• The problem: Pictures aside, repeat the listing below exactly.

• Dataset section:
↓↓↓

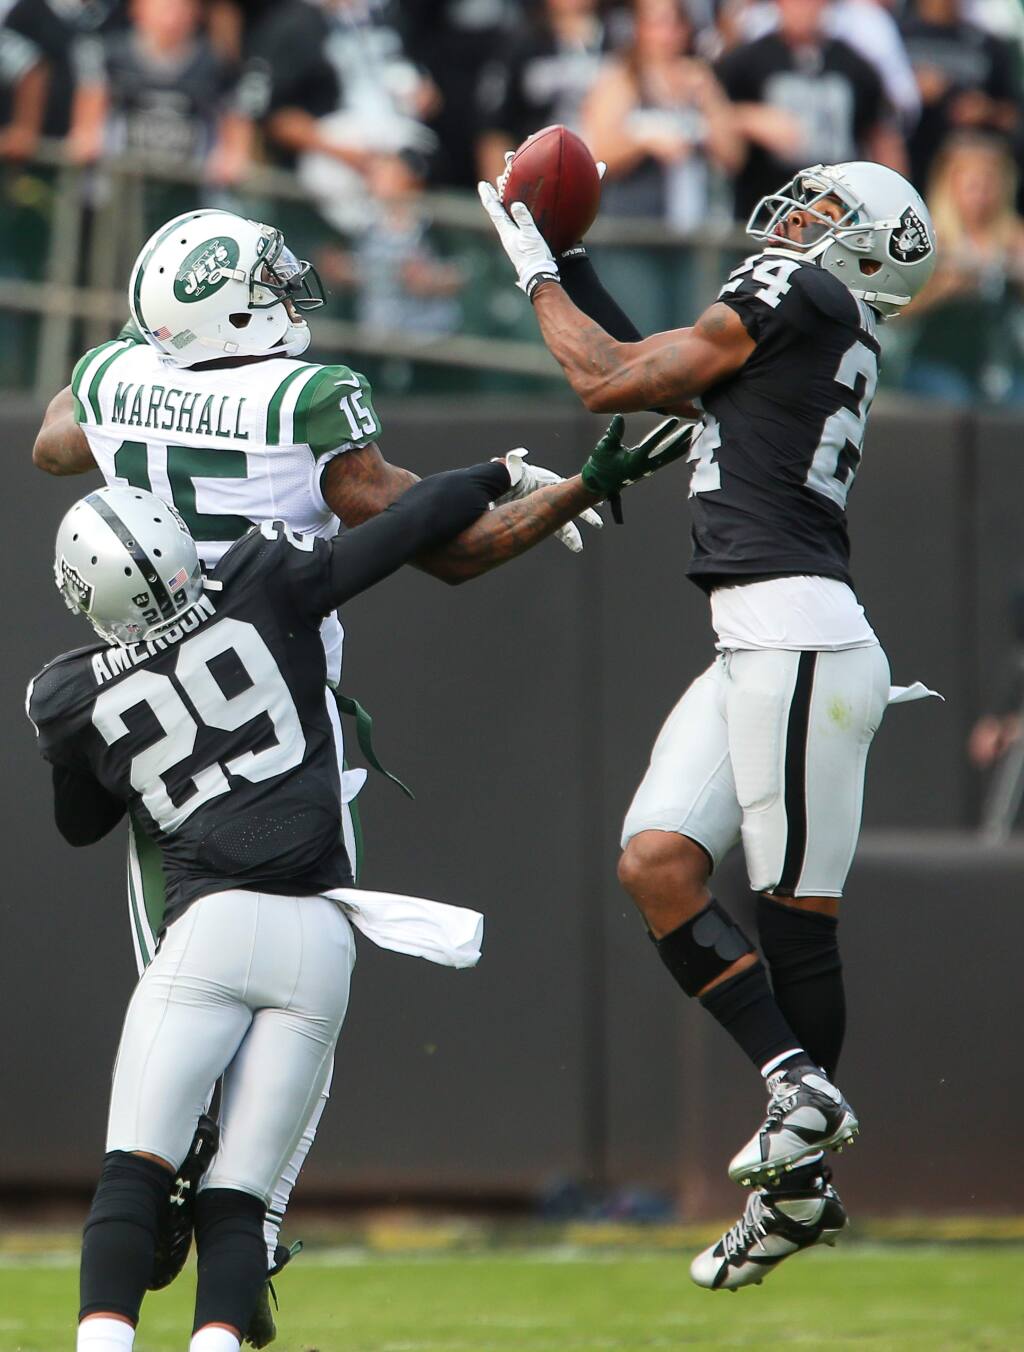 Charles Woodson is Raiders' best in secondary, even old and hurt
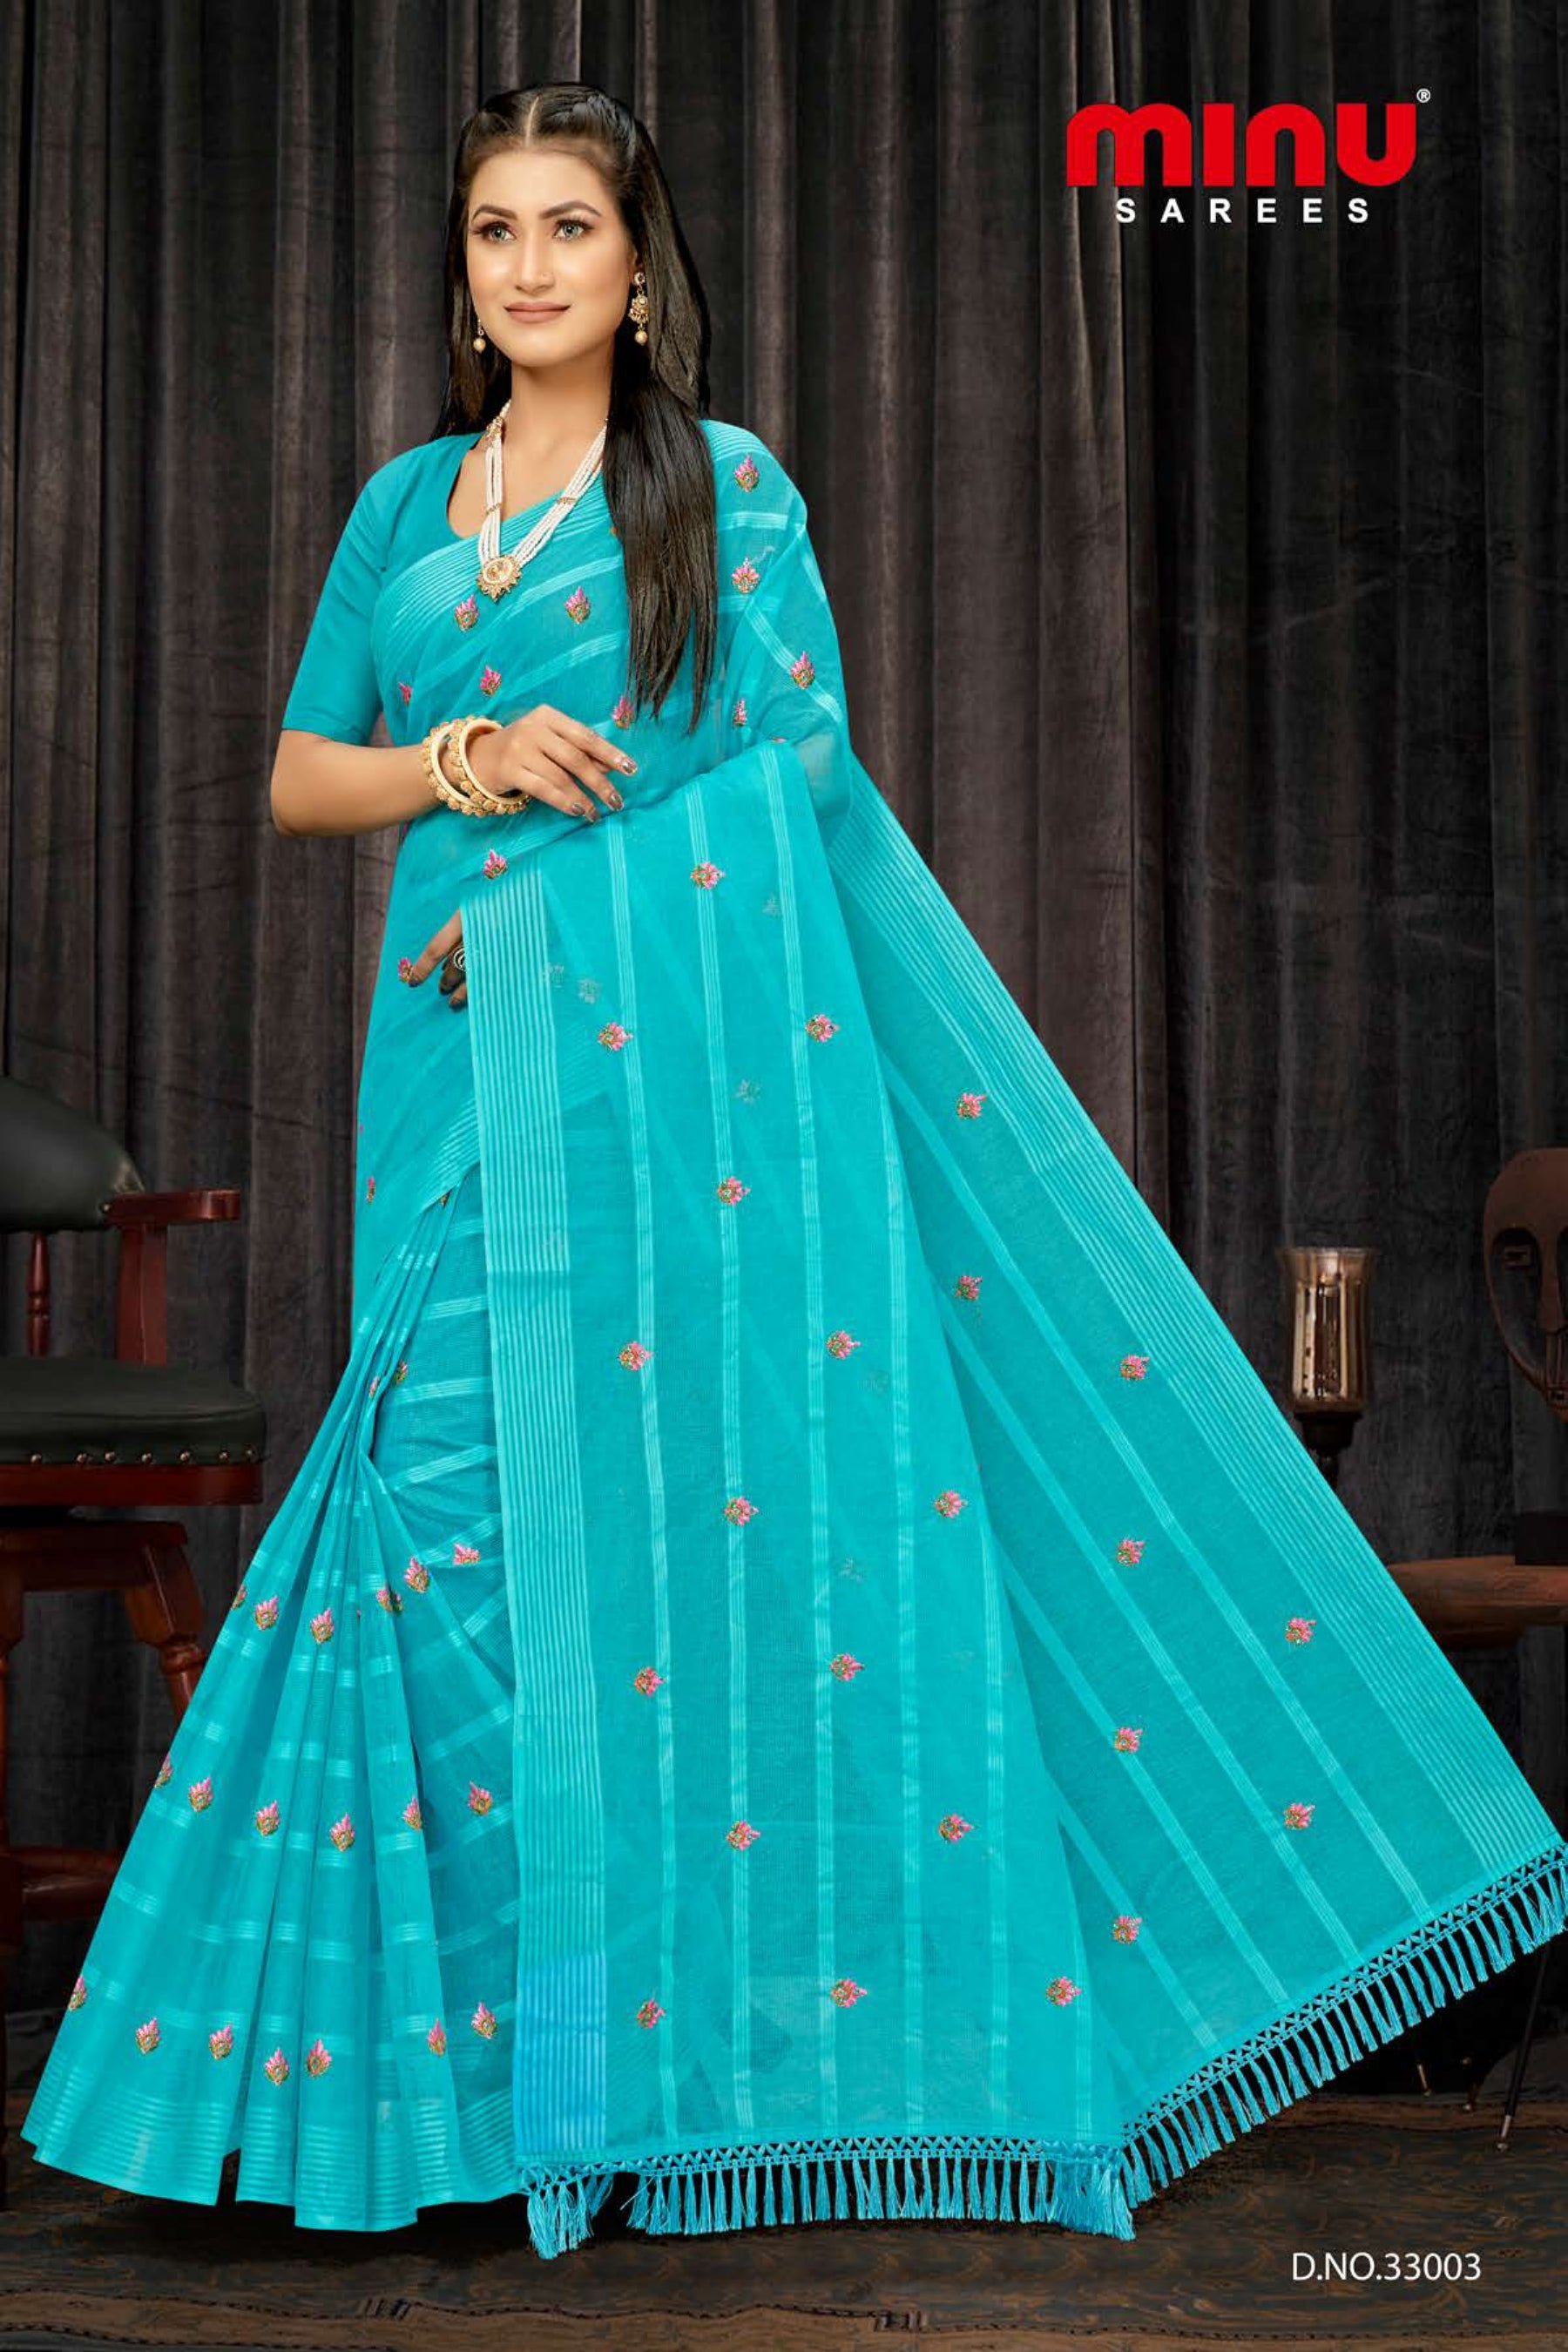 embroidered saree wearing woman
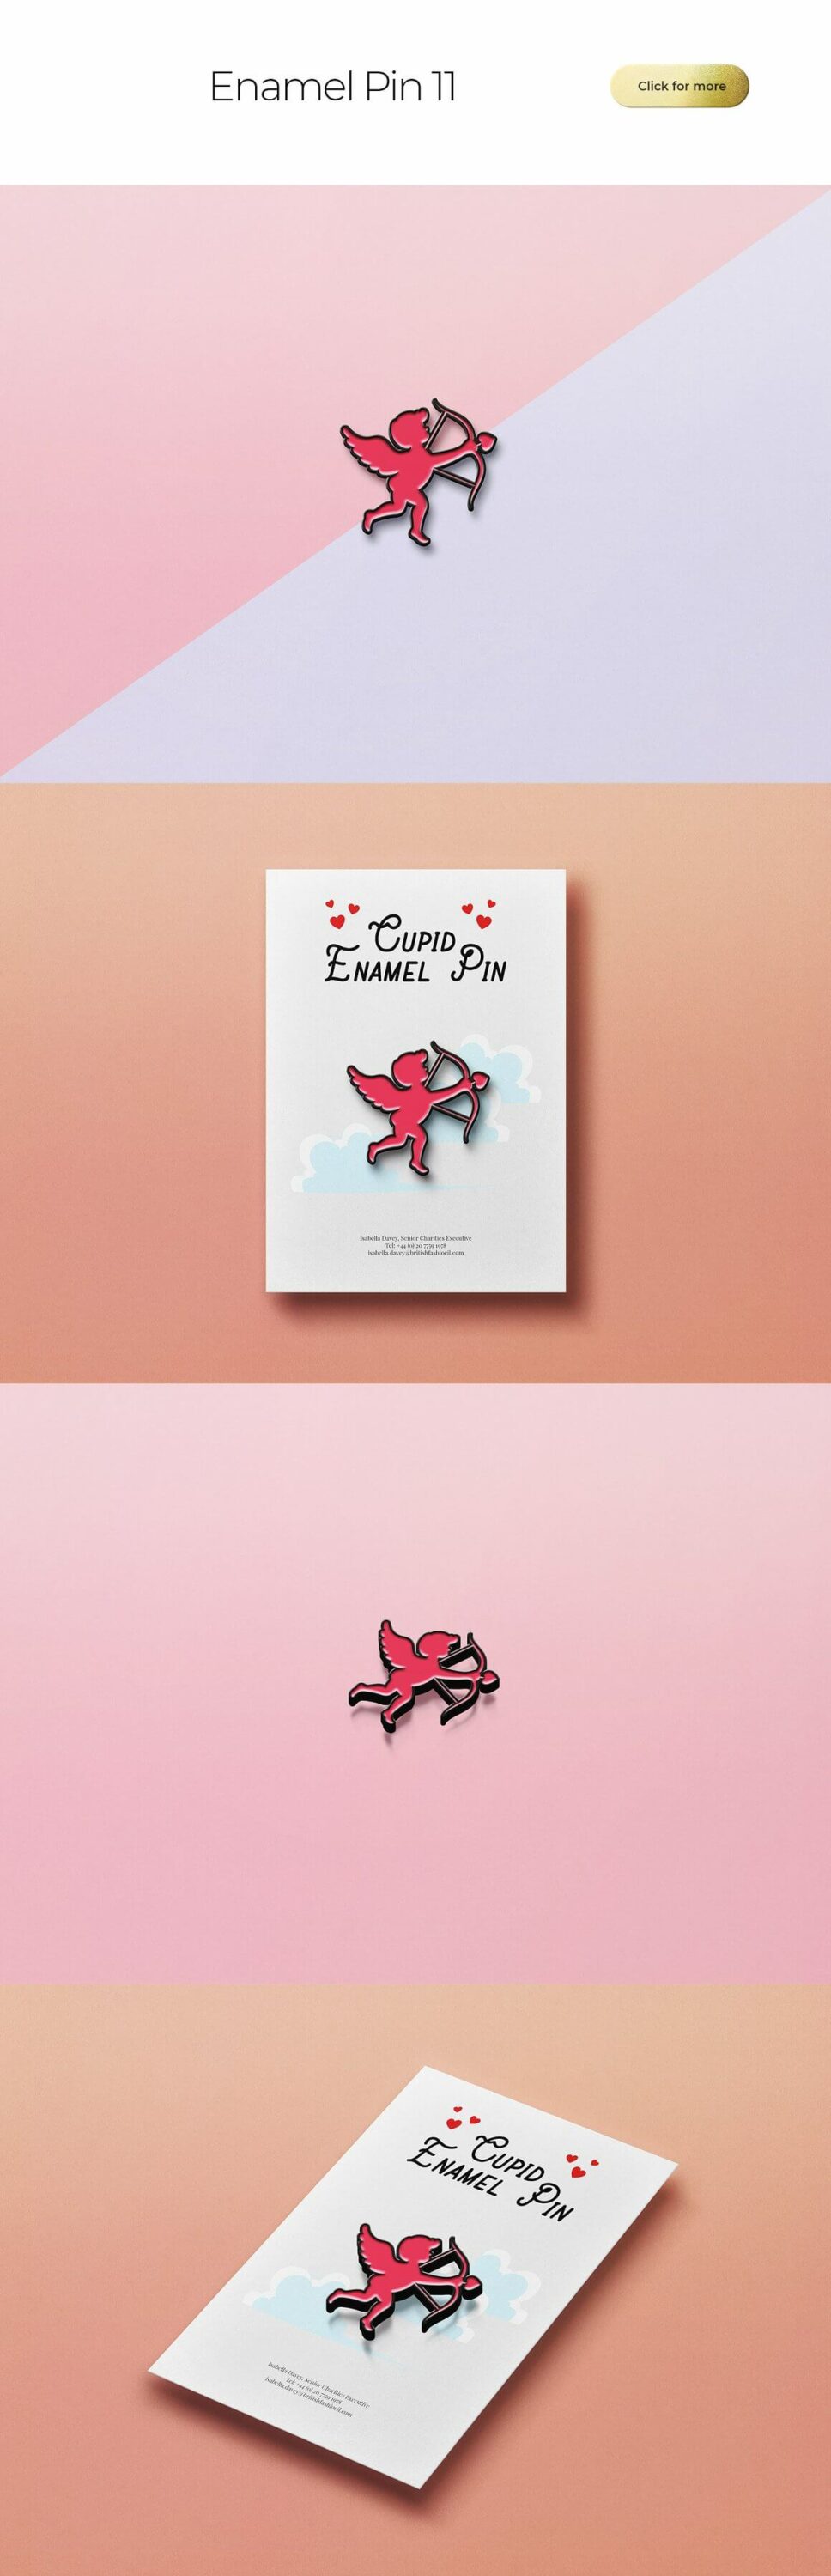 Cupid enamel pin on the pink and blue backgrounds.

↑↑↑

• Answer for this exercise:
 Charles Woodson is Raiders' best in secondary, even old and hurt
 embroidered saree wearing woman
 Cupid enamel pin on the pink and blue backgrounds.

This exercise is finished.